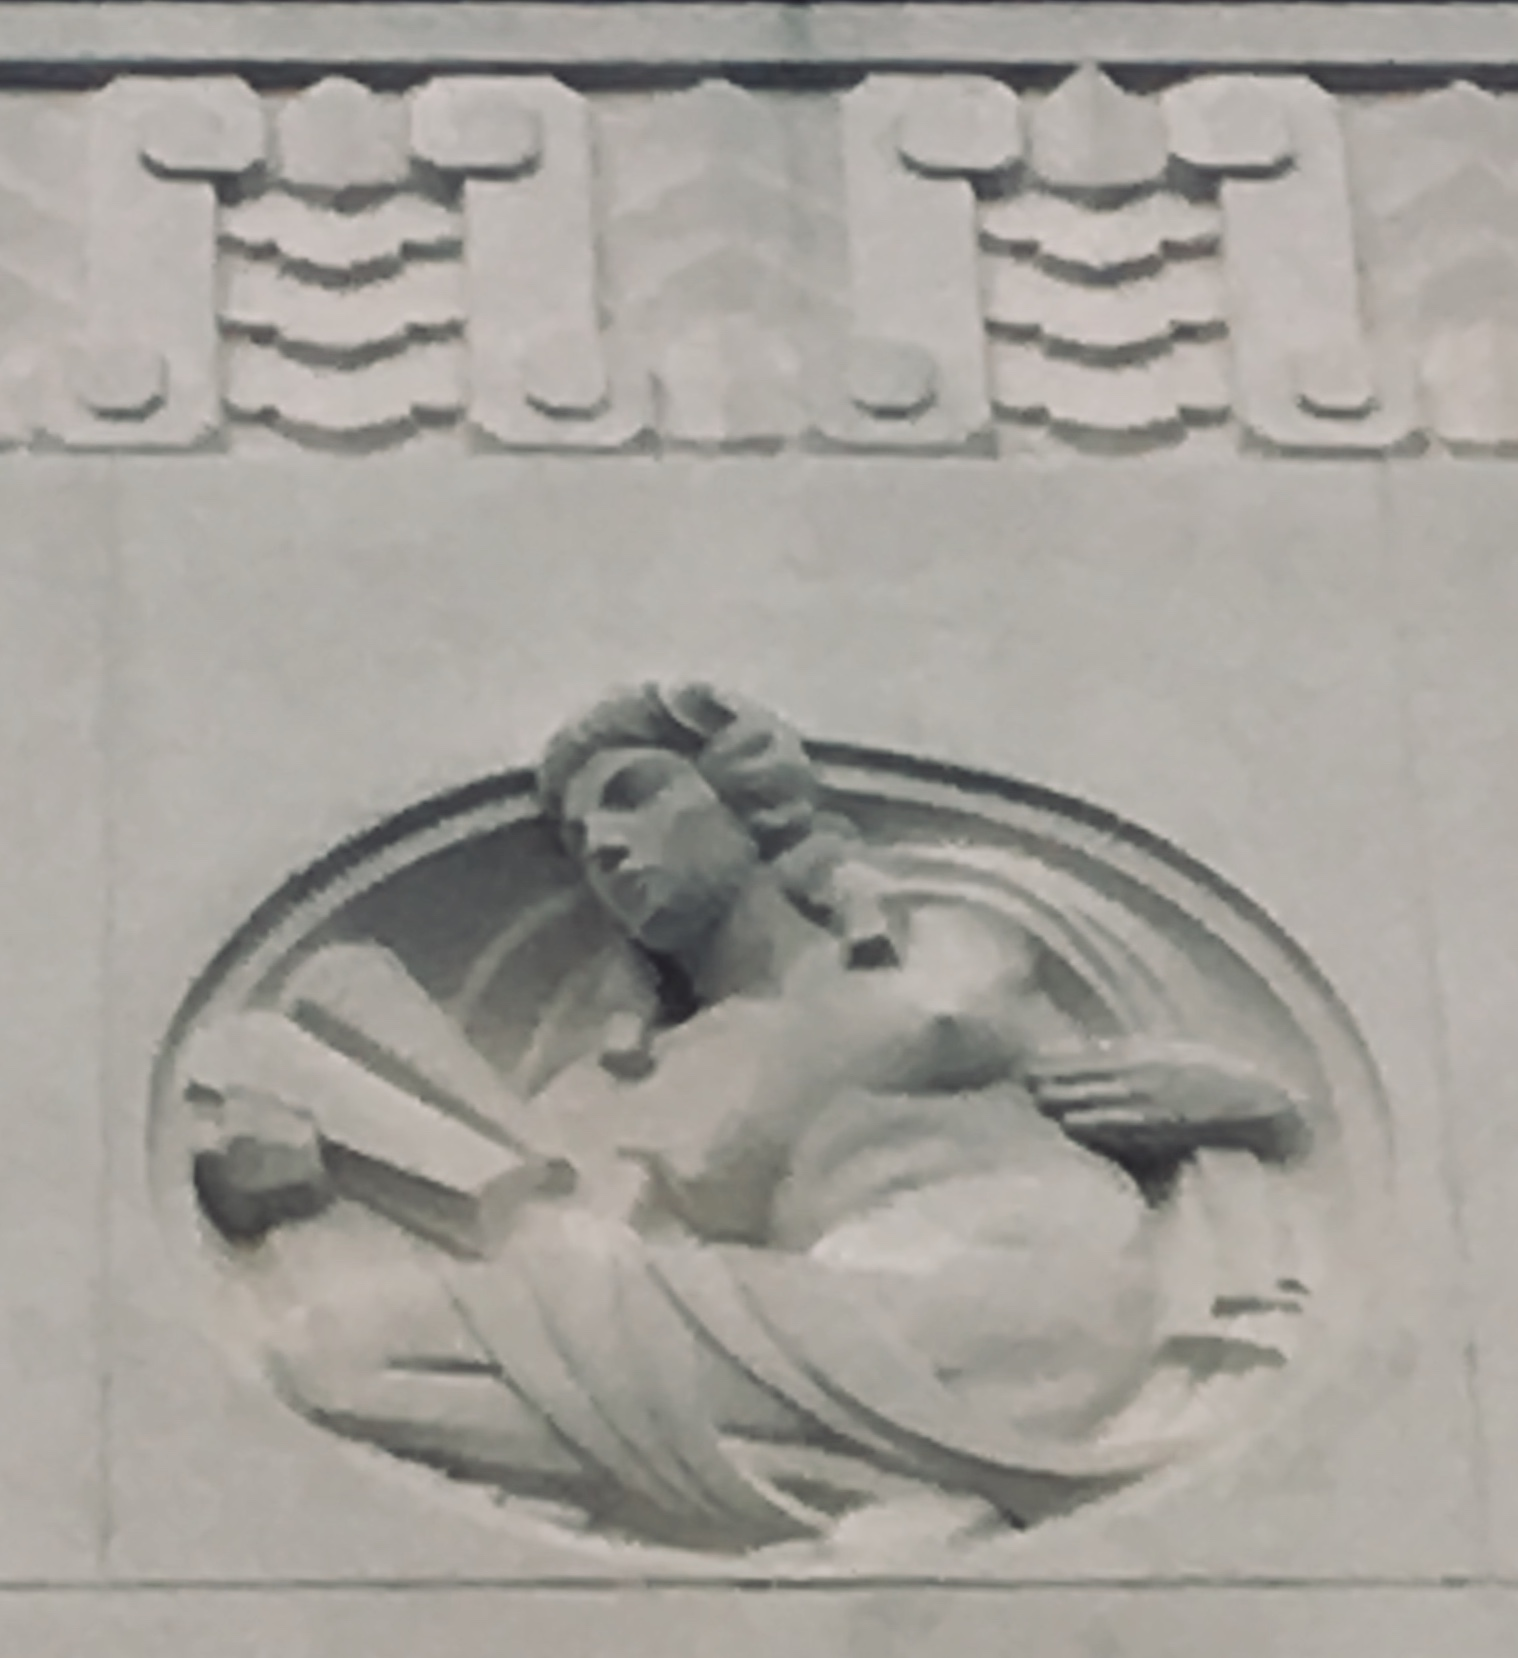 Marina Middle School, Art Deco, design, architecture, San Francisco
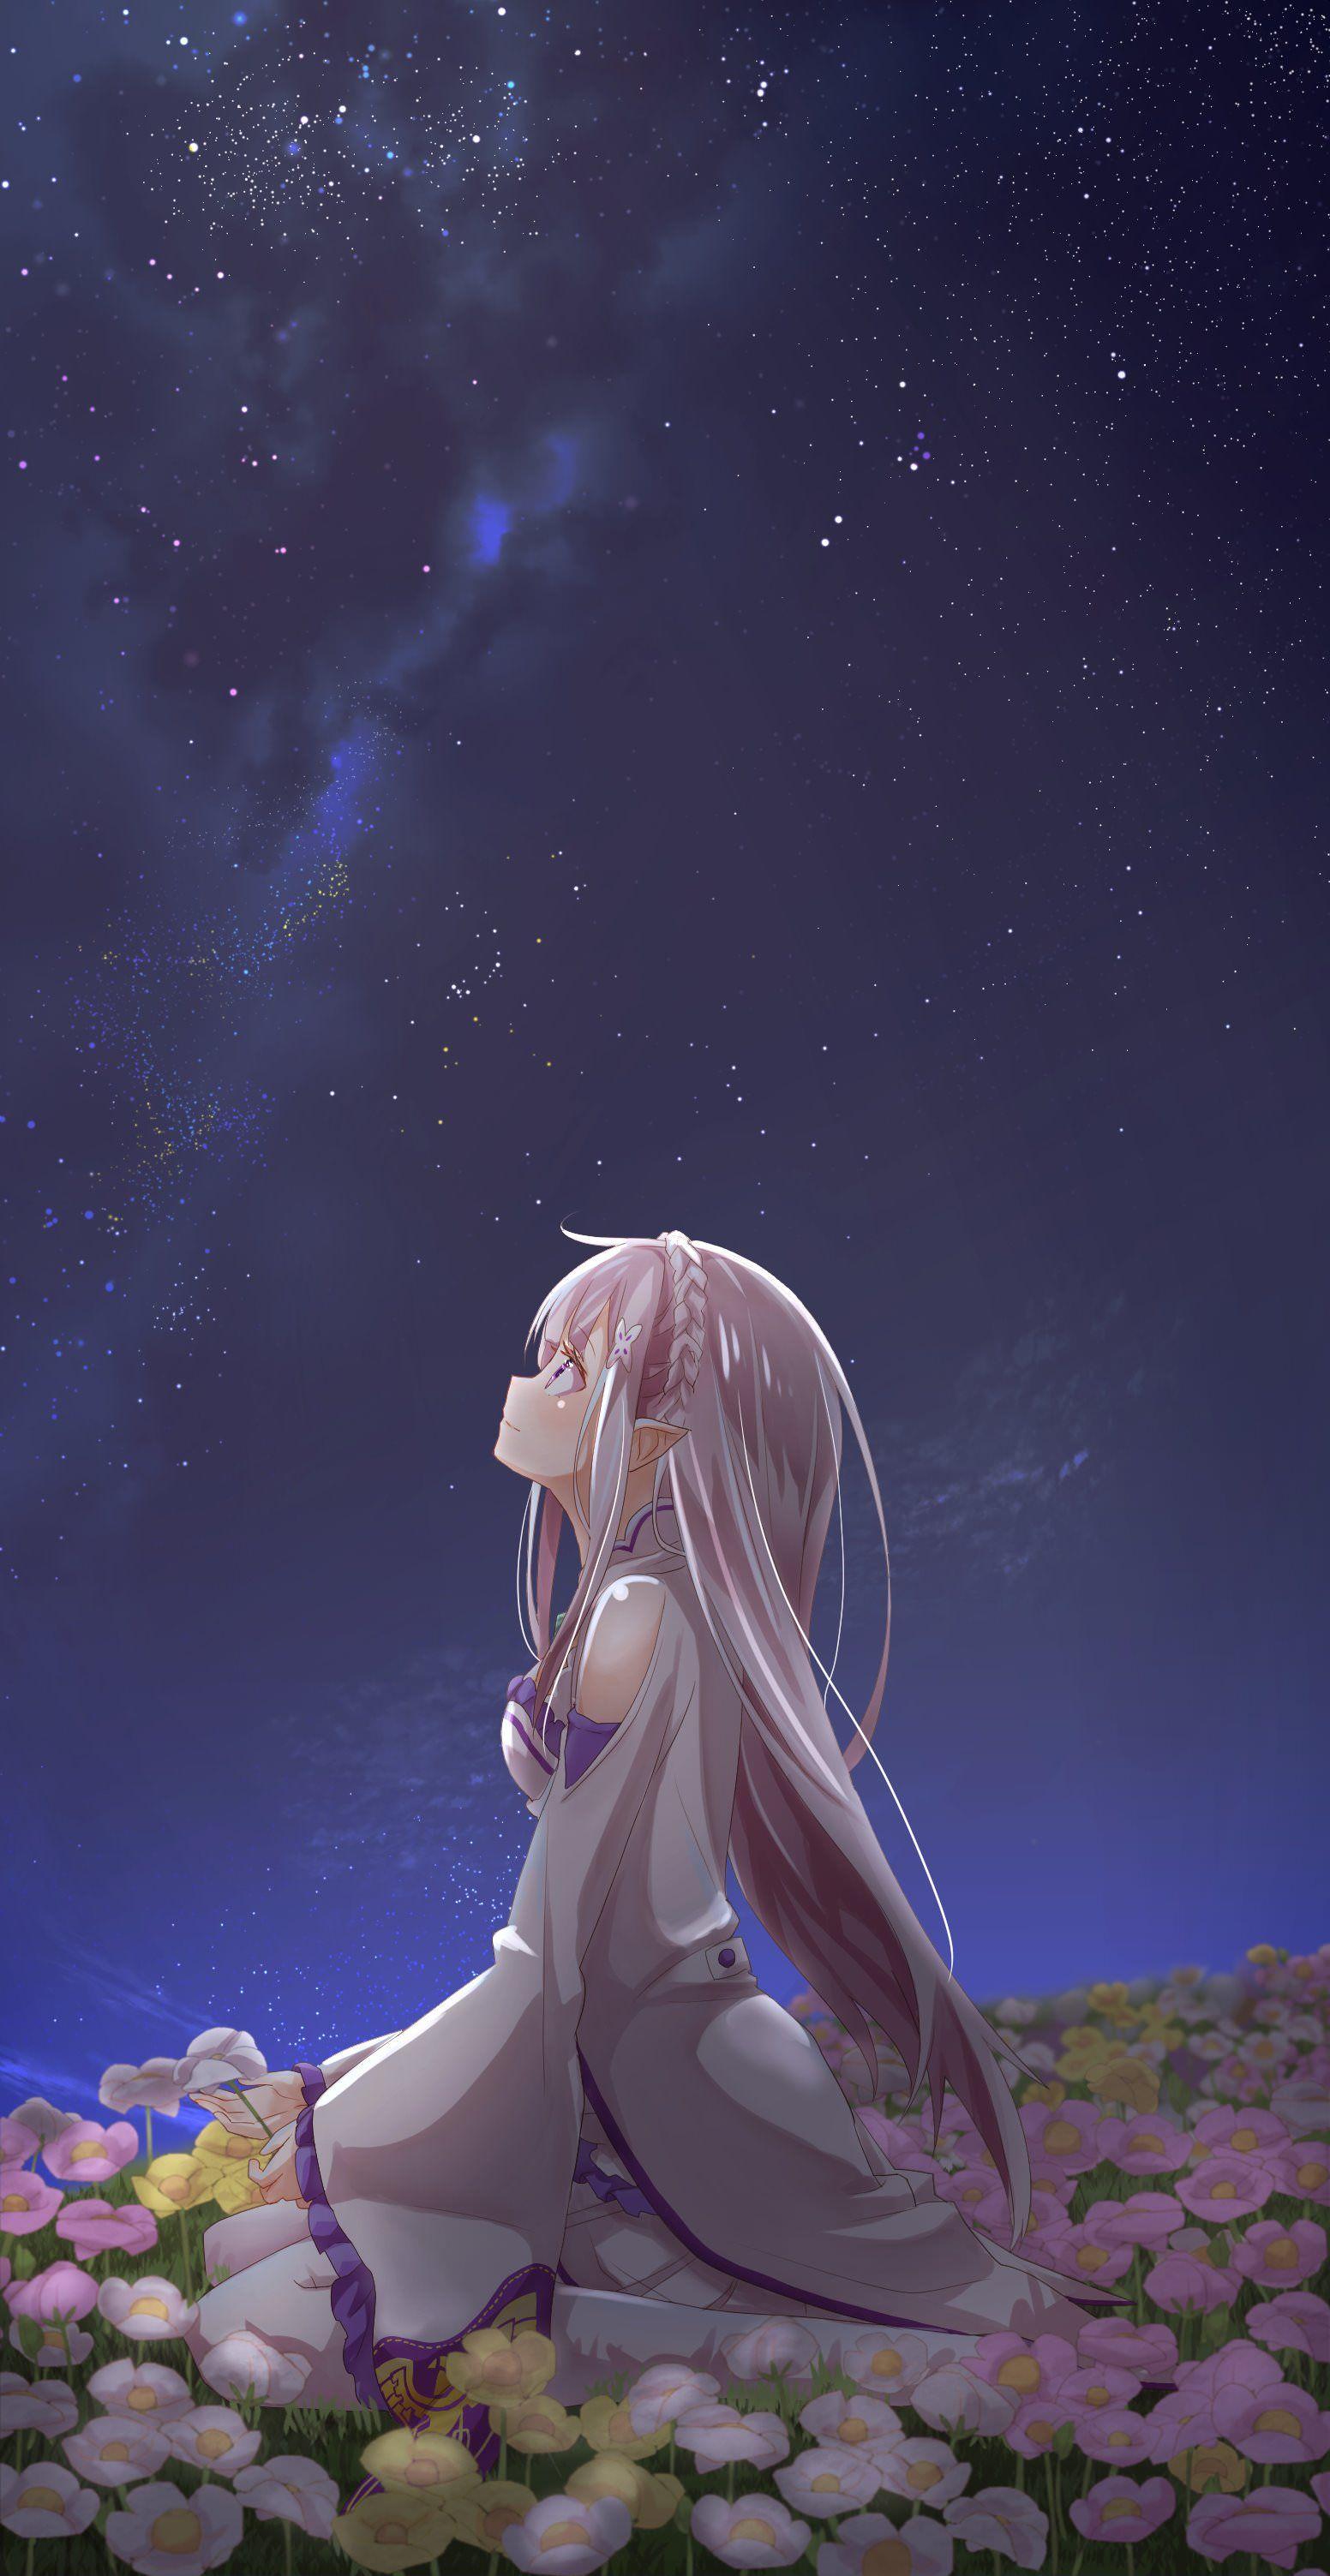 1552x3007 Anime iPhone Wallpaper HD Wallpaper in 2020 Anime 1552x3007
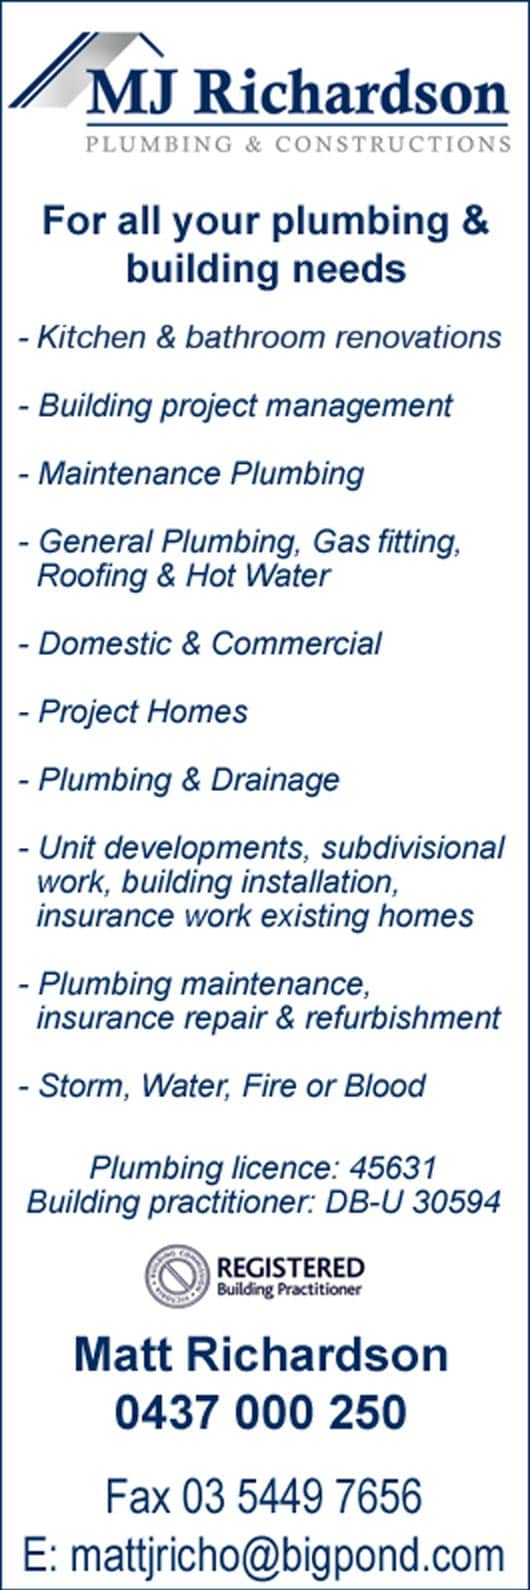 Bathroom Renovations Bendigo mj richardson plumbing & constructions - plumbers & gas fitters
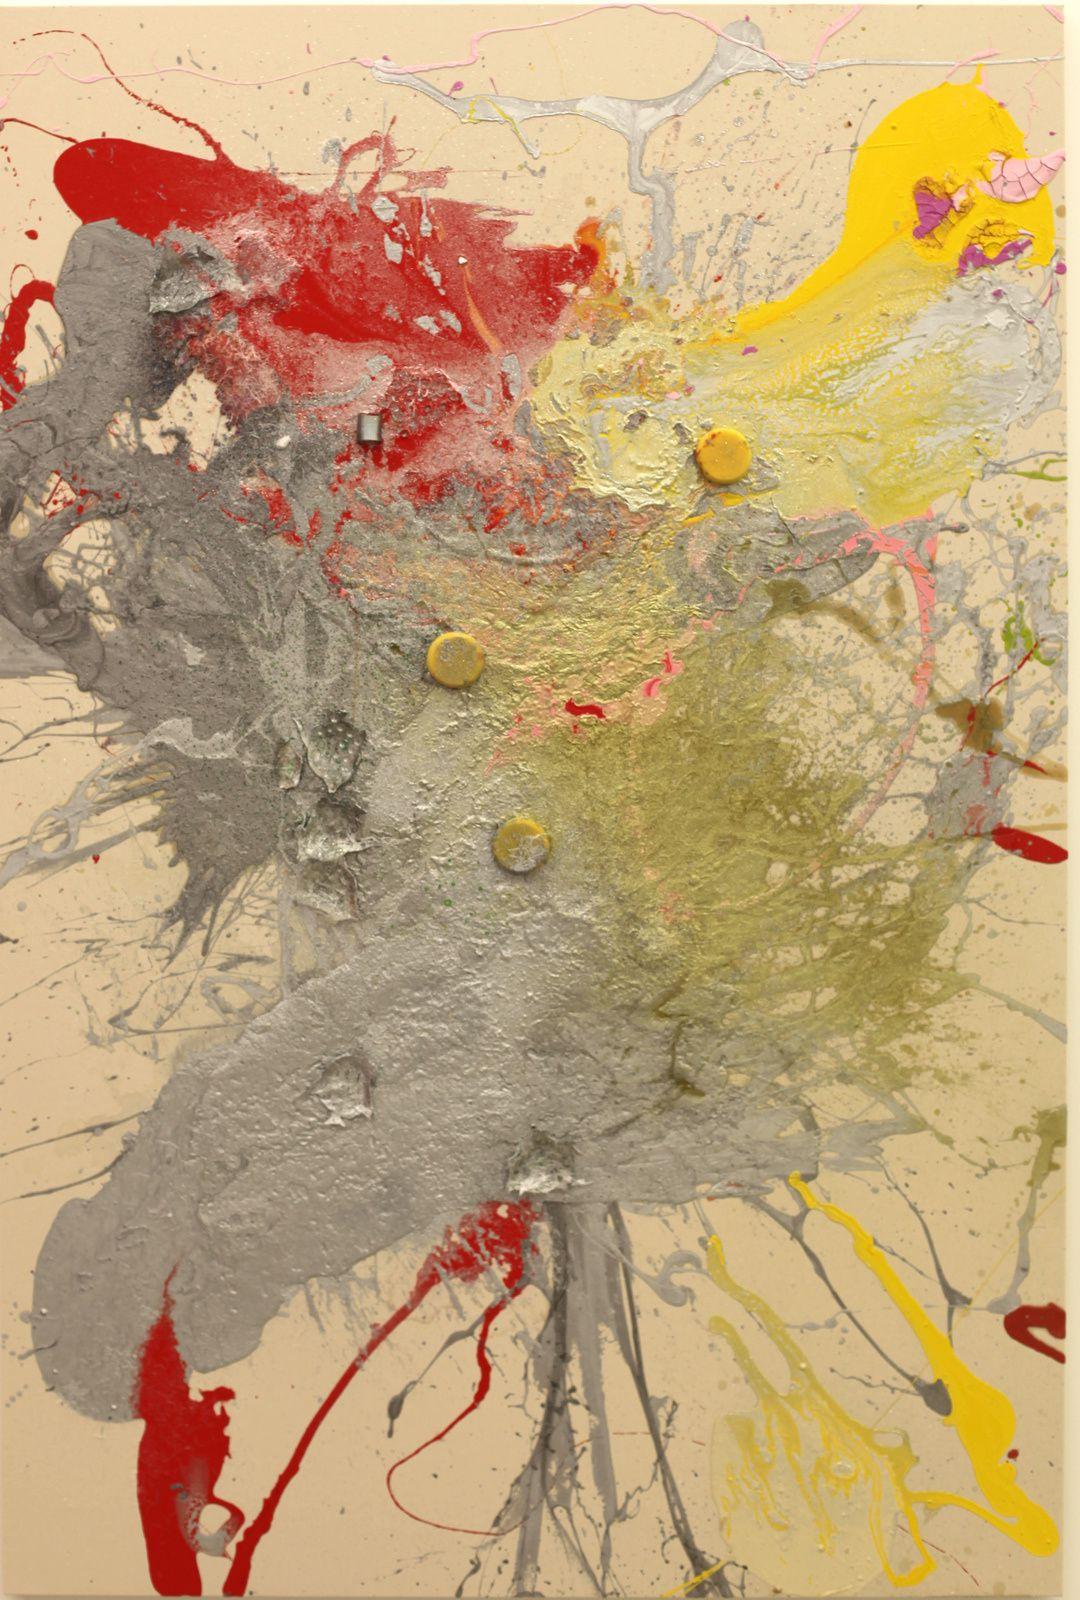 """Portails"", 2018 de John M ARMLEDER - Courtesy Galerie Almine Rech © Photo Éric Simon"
****************
Render the data above verbatim and without pictures.

 Marina Middle School, Art Deco, design, architecture, San Francisco
 1552x3007 Anime iPhone Wallpaper HD Wallpaper in 2020 Anime 1552x3007
 Bathroom Renovations Bendigo mj richardson plumbing & constructions - plumbers & gas fitters
 """Portails"", 2018 de John M ARMLEDER - Courtesy Galerie Almine Rech © Photo Éric Simon"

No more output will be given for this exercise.